Introduction

Organisms’ longevity is a complex process that can be influenced by various environmental events1. Long-term studies such as lifespan tests are very important because many effects cannot be predicted based on short term tests, at least not yet given the shortage level of information2. Chemicals’ toxicity is commonly assessed during a certain period of organisms’ lifespan, see e.g. OECD guidelines3. In terms of risk assessment, lifespan tests represent a continuous exposure to toxicants during the whole life, which is similar to what can occur in the natural environment, thus providing a highly relevant scenario4, 5. There are very few studies with a lifespan range and the species used include Mus musculus, Drosophila melanogaster, Saccharomyces cerevisiae and Caenorhabditis elegans 6, but does not include any soil dwelling invertebrate. Most of those studies were performed to discover genetic, environmental and pharmacologic modulators of aging for the lifespan extension purpose, providing new insights for human therapy7, 8. Studies that assess the effects of contaminants in lifespan are still limited, the few examples use C. elegans to investigate lifespan effects of metals, detergents9, 10 and nanomaterials (NMs), e.g. silica-nanoparticles (−NPs)11. Longer term studies have been showing that time of exposure can highly influence the extent of effects, e.g. in Mytilus californianus mussels, exposure to fluoxetine for 47 and 107 days showed effects not observed in the typical 30 days test: biomass decrease12. In addition, age is another factor not included in standard testing, for instance as reported for Enchytraeus crypticus older worms (3 months old) were more sensitive and have less capacity to recover to okadaic acid exposure than younger worms (25 days old)13.

Effects of NMs have been investigated for ca. 2 decades, and there has been increasing alert regarding the need for longer term exposure tests due to the potential long term stability and effects of NMs.
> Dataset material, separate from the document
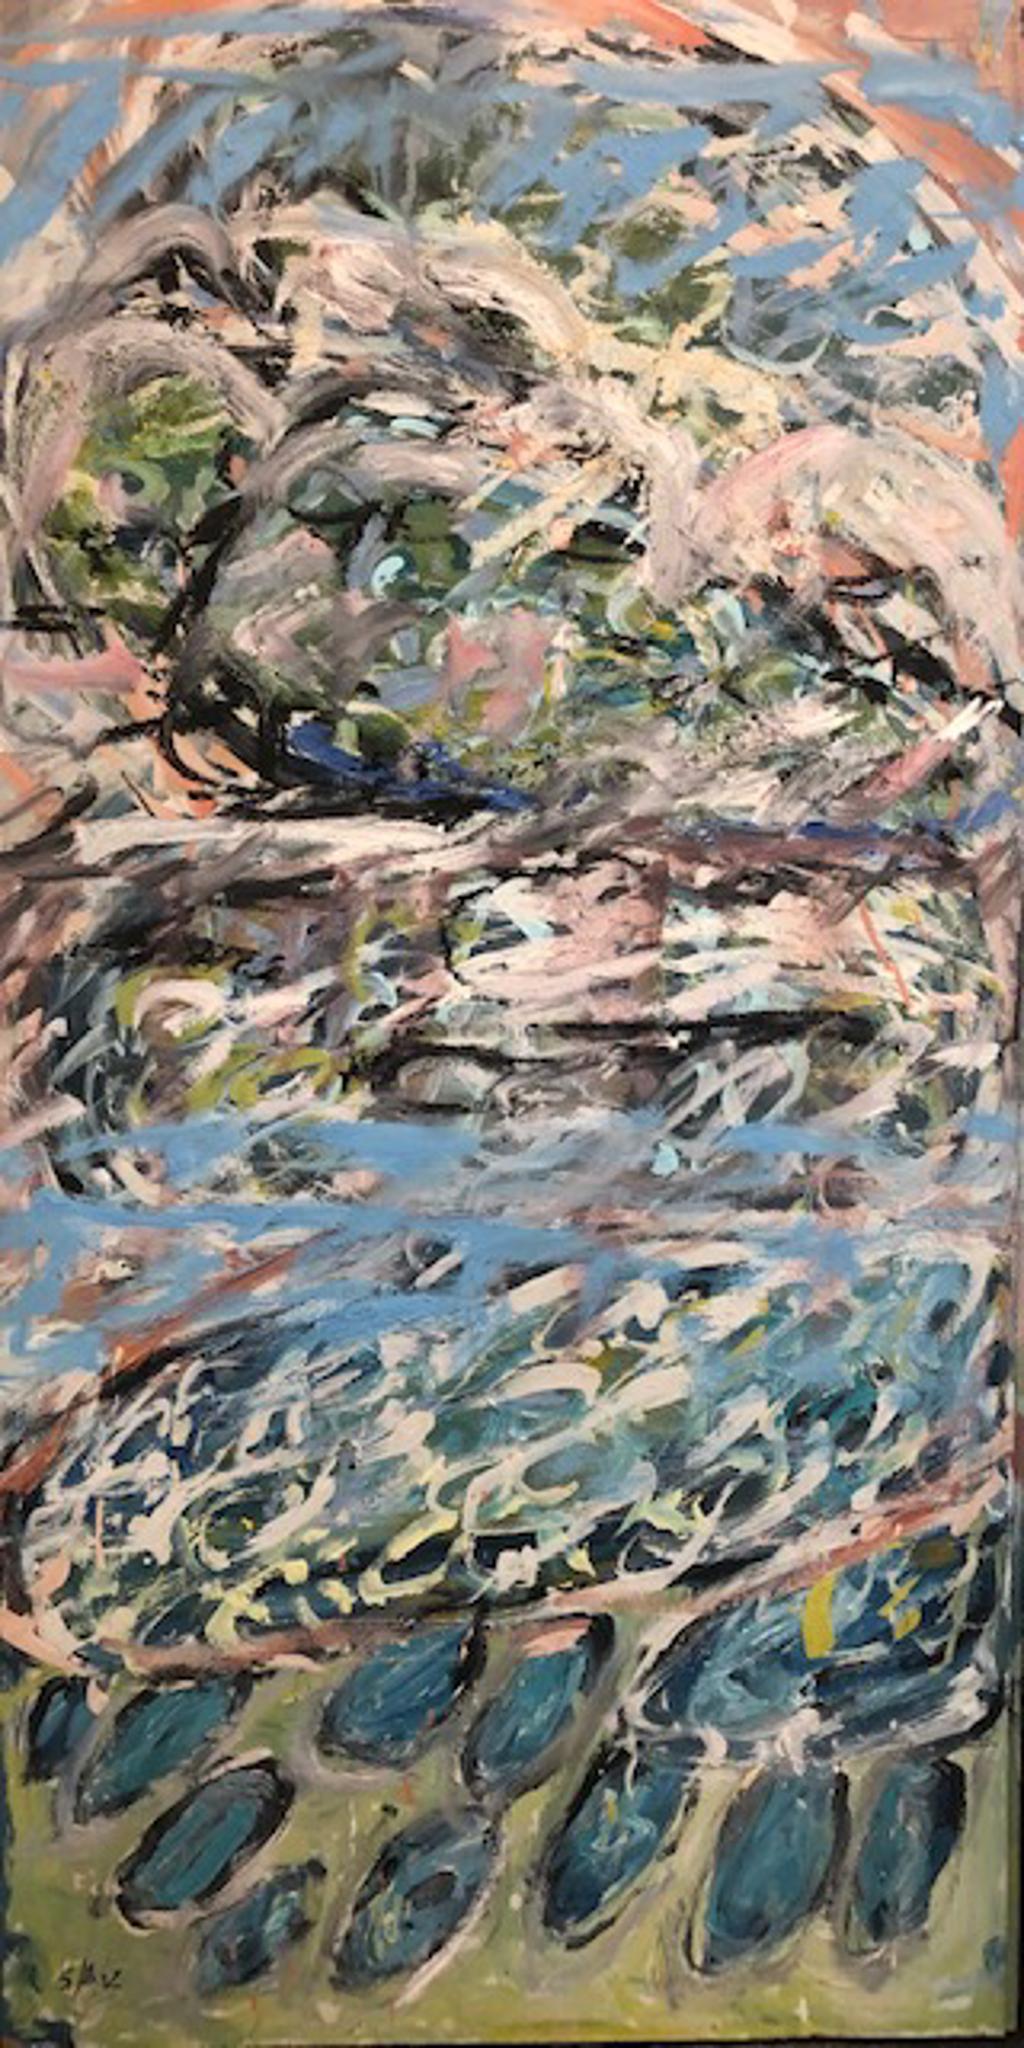 Spring 2 by Diana Brinson

So far, results on acute toxicity on e.g. aquatic organisms produced the classification, of Ag-NPs as ‘extremely toxic’ and CuO-NPs as ‘very toxic’14. However, most of the data generated so far is on short-term/acute effects, which does not necessarily inform on longer term effects. For instance, Diez-Ortiz et al.15 found that 52 weeks aged Ag-NPs in LUFA 2.2 soil were more toxic to Eisenia fetida than Ag-NPs freshly spiked soil (1 week aged) (reproduction EC50 of 34 and 1420 mg Ag/kg, respectively). Also, Waalewijn-Kool et al.16 reported that the release of Zn ions to soil, from ZnO-NPs, continued over one year, which caused a decrease in toxicity to Folsomia candida at that time. In fact, the need of more long-term toxicity studies to obtain a better understanding of NMs effects is fully recognized and pointed out as a current gap and future priority in the knowledge on nanotoxicology2, 17, 18.

Copper oxide nanoparticles (CuO-NPs) are used in a wide range of industrial and commercial applications19,20,21,22,23. The increased production of CuO-NPs escalates the likelihood of their introduction into the environment. Currently, most of the information regarding the ecotoxicity of CuO-NPs is based on “short-term”/acute effects, mostly in the aquatic compartment (e.g. refs 24,25,26,27,28,29) and fewer in the soil compartment, e.g. on plants30,31,32 and on soil dwelling invertebrates33,34,35,36,37,38. Therefore, NMs potential long-term toxicity, combined with a likely long residing time, should not be ignored and it is important to investigate the toxicity of these materials39, 40.

In the present study we propose a lifespan test i.e., all life duration for the soil living oligochaete E. crypticus, until it dies of age. E. crypticus is a model standard species where many endpoints can be assessed: survival and reproduction3, 41, bioaccumulation42, embryo development43, or via a full life cycle with hatching, growth, maturity44 (see further explanation in the discussion).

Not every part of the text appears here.